Dimensional Data Modeling - Fact Table

Star Schema

About

A fact table is a table that stores fact where a fact can be seen as the representation of an event.

It's also known as:

  • Transactional history
  • Unalterable fact. (The content of this kind of table cannot legally change)
  • Transactional Link in the data vault

In a dimensional modelling, this table is located at the centre of a star schema or a snowflake schema, surrounded by dimension tables.

They contains only transactions and are therefore only one time column. If this is not the case, this is an order table.

Transactions are often group in what is called an order. The cardinality between the order table and the transaction table is really low. There has on average a couple of transaction for one order. Due to the number of rows in this table, she is really often seen as a fact table but it's not. You may find an order attribute into the fact table for performance reason (see Dimensional Data Modeling - Degenerate Dimension of Fact dimension (i.e. event/header entity))

A fact table is the primary table in a dimensional model where the performance measurements of the events are stored.

One fact table = One business process Step = One Star Schema in a data mart

Fact tables express the many-to-many relationships between dimension in dimensional model.

Star Schema

Fact are determined by retrieving the temporal nature of the table:

  • Has the table a transaction date column. This kind of column are updated with the current date of the transaction (and not in the future of in the past)
  • If the table doesn't have a transaction date column, does the relationship it creates between the dimensions has a temporal character. For instance, between orders and contacts. A contact over an order has obligatory a temporal nature because the contact (the relationship) takes place in the time.

In a reporting point of view, a fact table can only hold one date column. No analytic report will ask you to show more than one date). The time is universal and hold more than one event. The reports want to know what kind of event have taking place in one day.

Data Mart - Dimensional Model - Best Practice

A fact table in a Data Mart is composed :

  • of a primary key for auditing (to be able to retrieve the record)
  • of a date column (if it represent an event)
  • of several foreign dimension keys
  • occasionally degenerate dimensions and flags.
  • and of one of many numeric measure

The combination of all foreign keys (customer, store, …) and of the date column doesn't create a unique key. On the same second, you can have another transaction that concerns the same foreign keys.

Using Id columns for the foreign keys and for the date column permits:

  • to load all records
  • and to be sure that for all records in the fact table, we have a records in the dimension table.

How to identify a fact table in a star schema ?

A fact table is a table with measures (column where you will perform an aggregation sum, …).
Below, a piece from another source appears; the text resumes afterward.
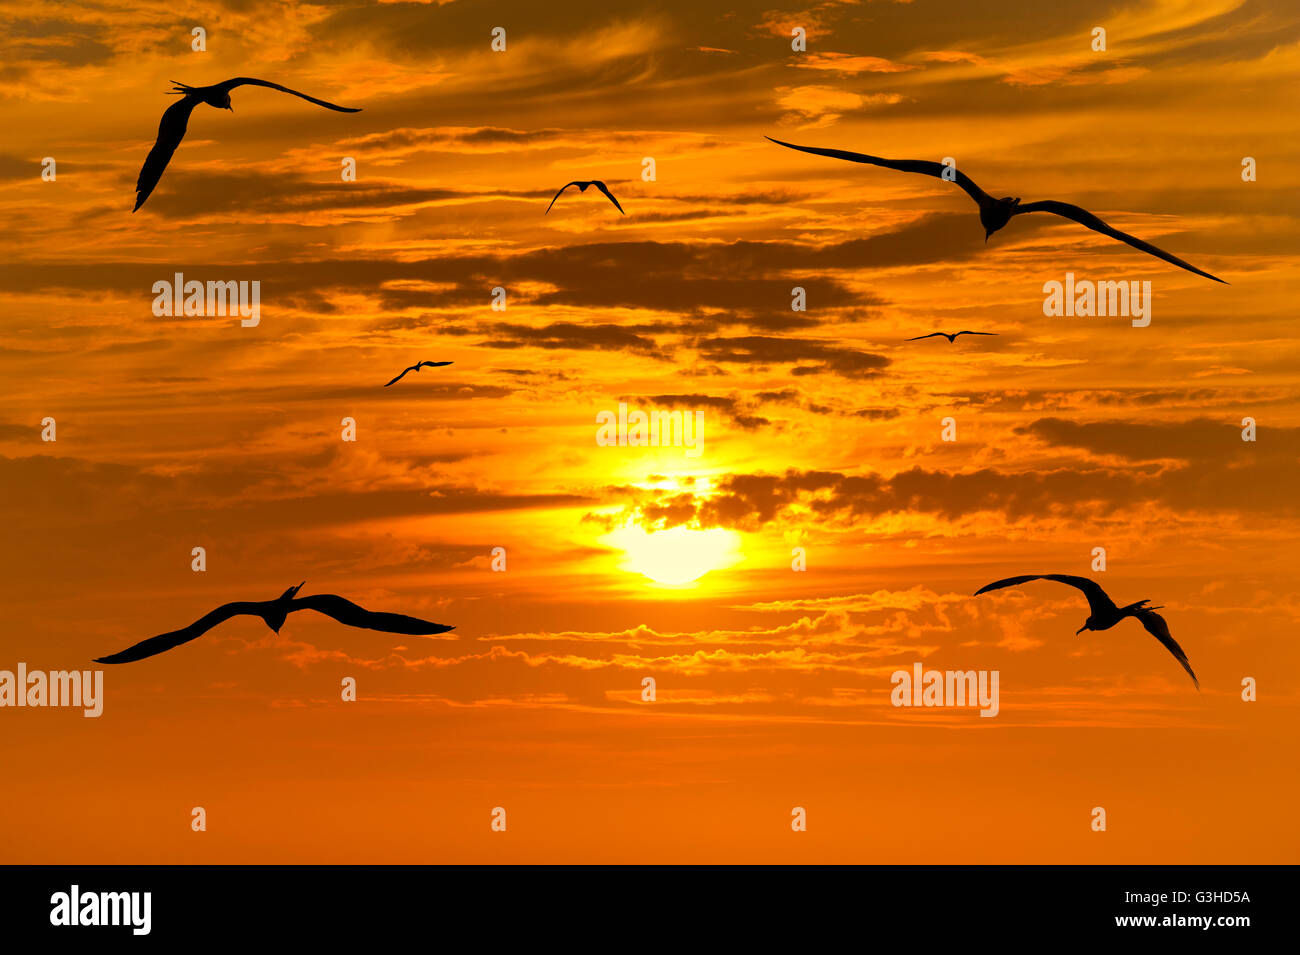 Silhouettes oiseaux migrations est un groupe d'oiseaux volant découpé avec un beau coucher de soleil jaune et orange éclatant en transmission Banque D'Images

In a classic star schema any table that only has many-to-one (N:1) joins to it is a fact table.

In a schema, a table where all the joins have the many-to-one symbol (crow's feet, arrow, …) pointing into the table, and no joins pointing out of it, is, in essence, a fact table. One exception to this rule is a bridge table when you model a many-to-many relationship.

Grain

The grain is the level of detail and is defined by the combination of dimension.

Event

A row in a fact table correspond to a event. An event is a row in a fact table. All events have the same grain.

Factless Fact Table

In some cases, fact tables may contain no numerical facts at all. There are no measures involved. The important information is simply that the event took place or not.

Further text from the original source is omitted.